**ASSIGNMENT:** Give back, word for word, the lines in the listing below from the one holding "Awe Inspiring 1000" down to the one holding "Развивающая Игра - Лягушки-Ловушки", both ends included.

**PROVIDED RECORDS:**
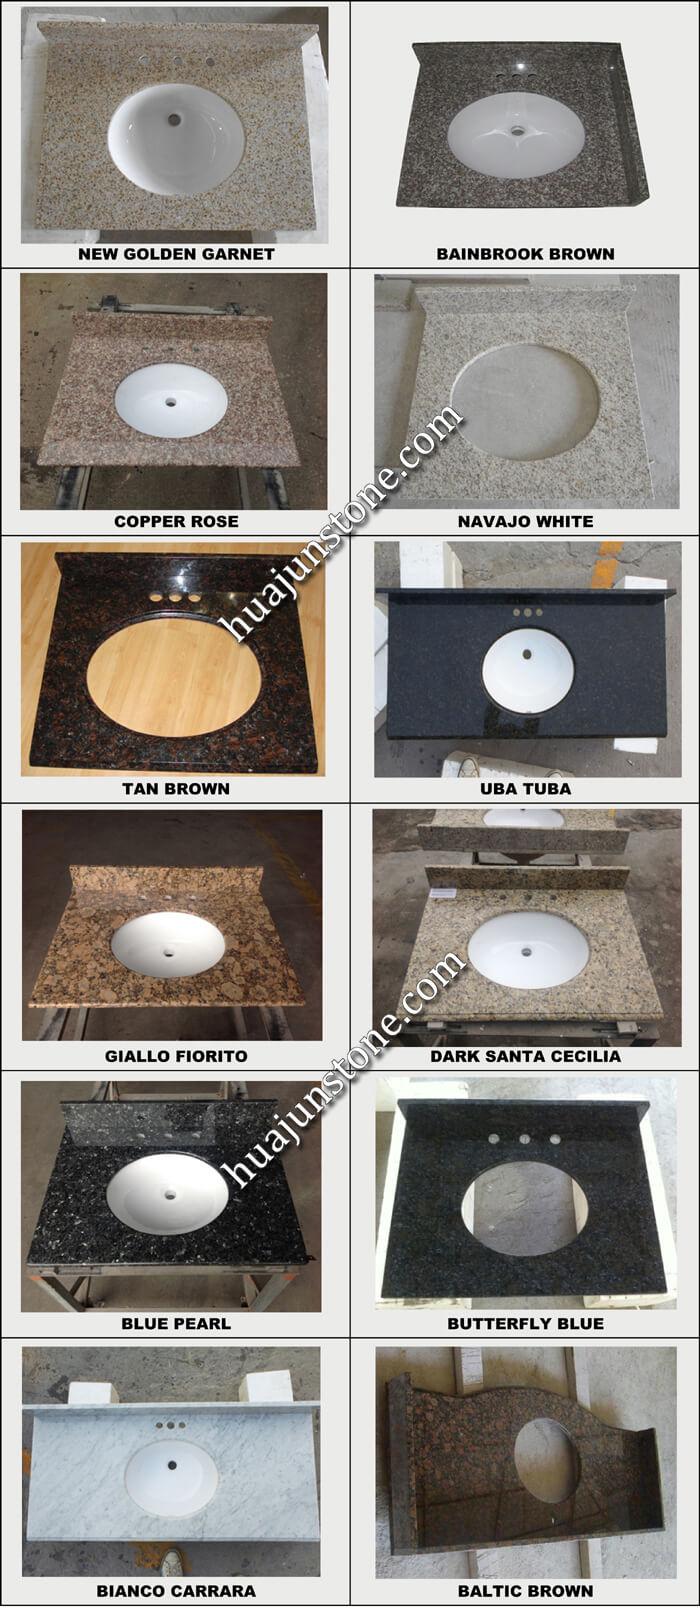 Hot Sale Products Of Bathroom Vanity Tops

==

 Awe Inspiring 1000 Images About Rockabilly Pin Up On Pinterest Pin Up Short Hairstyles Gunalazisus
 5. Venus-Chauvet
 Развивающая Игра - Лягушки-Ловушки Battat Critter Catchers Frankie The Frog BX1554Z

--

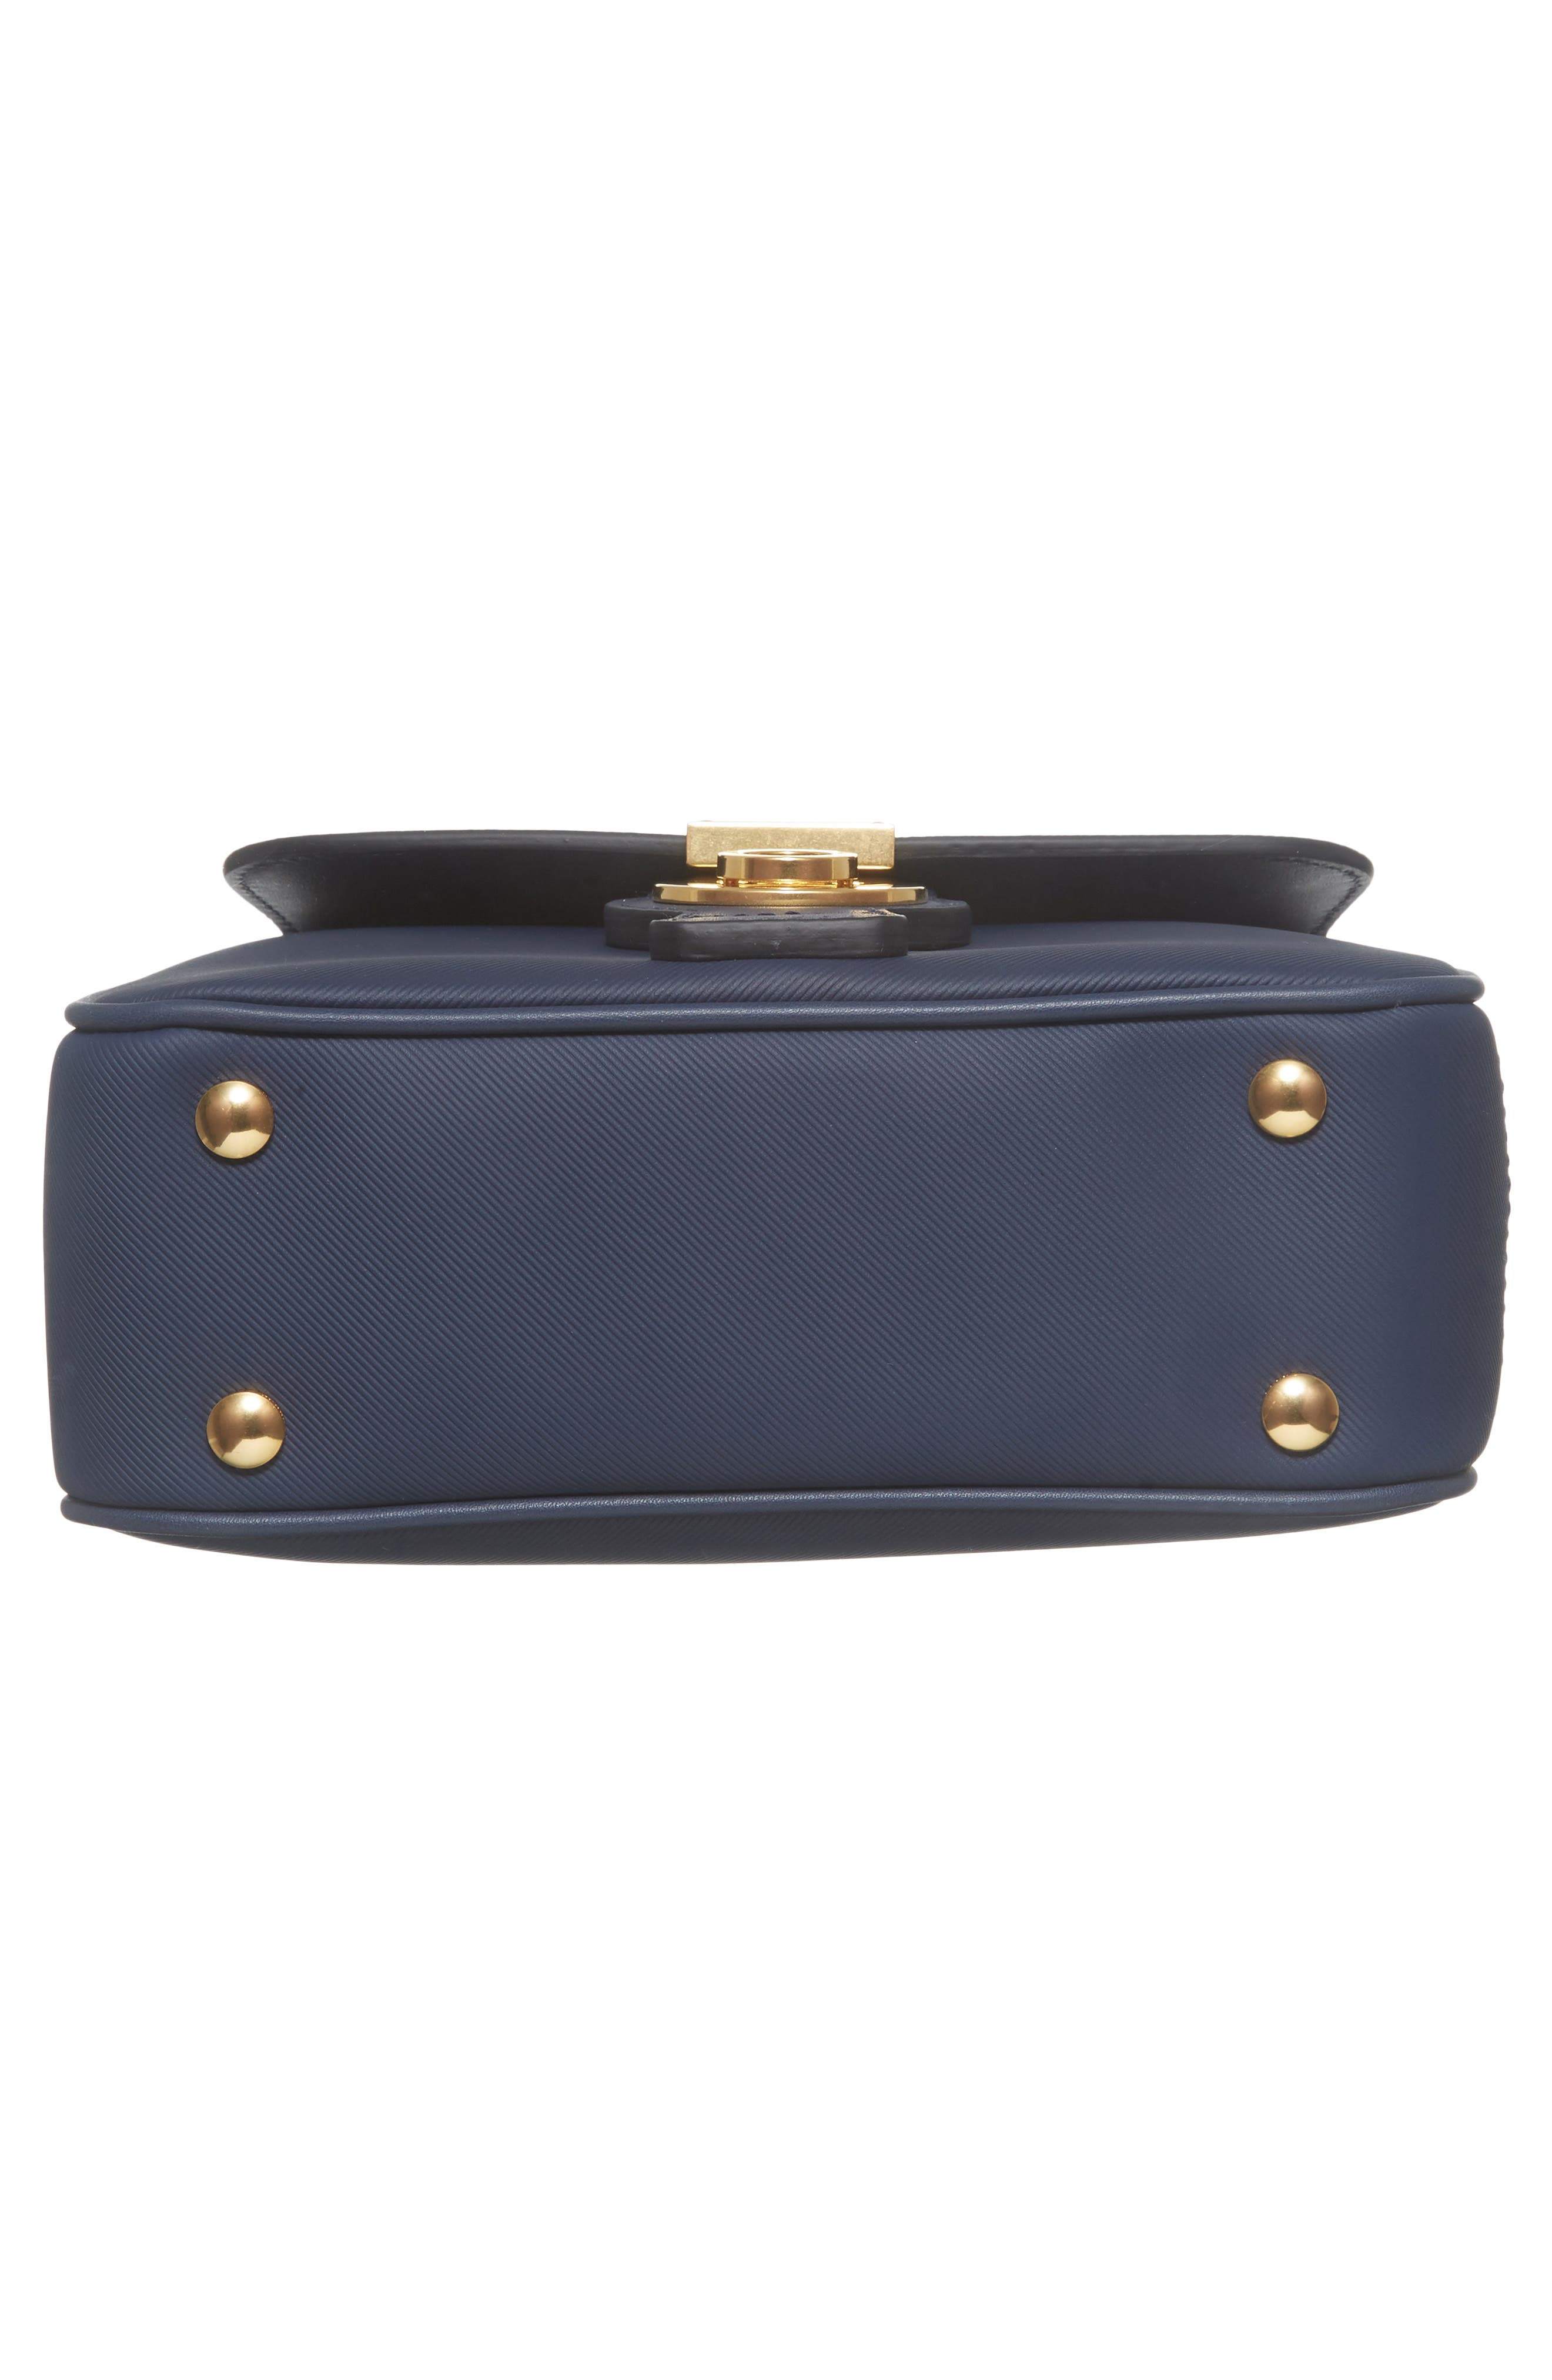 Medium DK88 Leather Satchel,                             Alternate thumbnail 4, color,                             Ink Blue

**RESPONSE AREA:**
 Awe Inspiring 1000 Images About Rockabilly Pin Up On Pinterest Pin Up Short Hairstyles Gunalazisus
 5. Venus-Chauvet
 Развивающая Игра - Лягушки-Ловушки Battat Critter Catchers Frankie The Frog BX1554Z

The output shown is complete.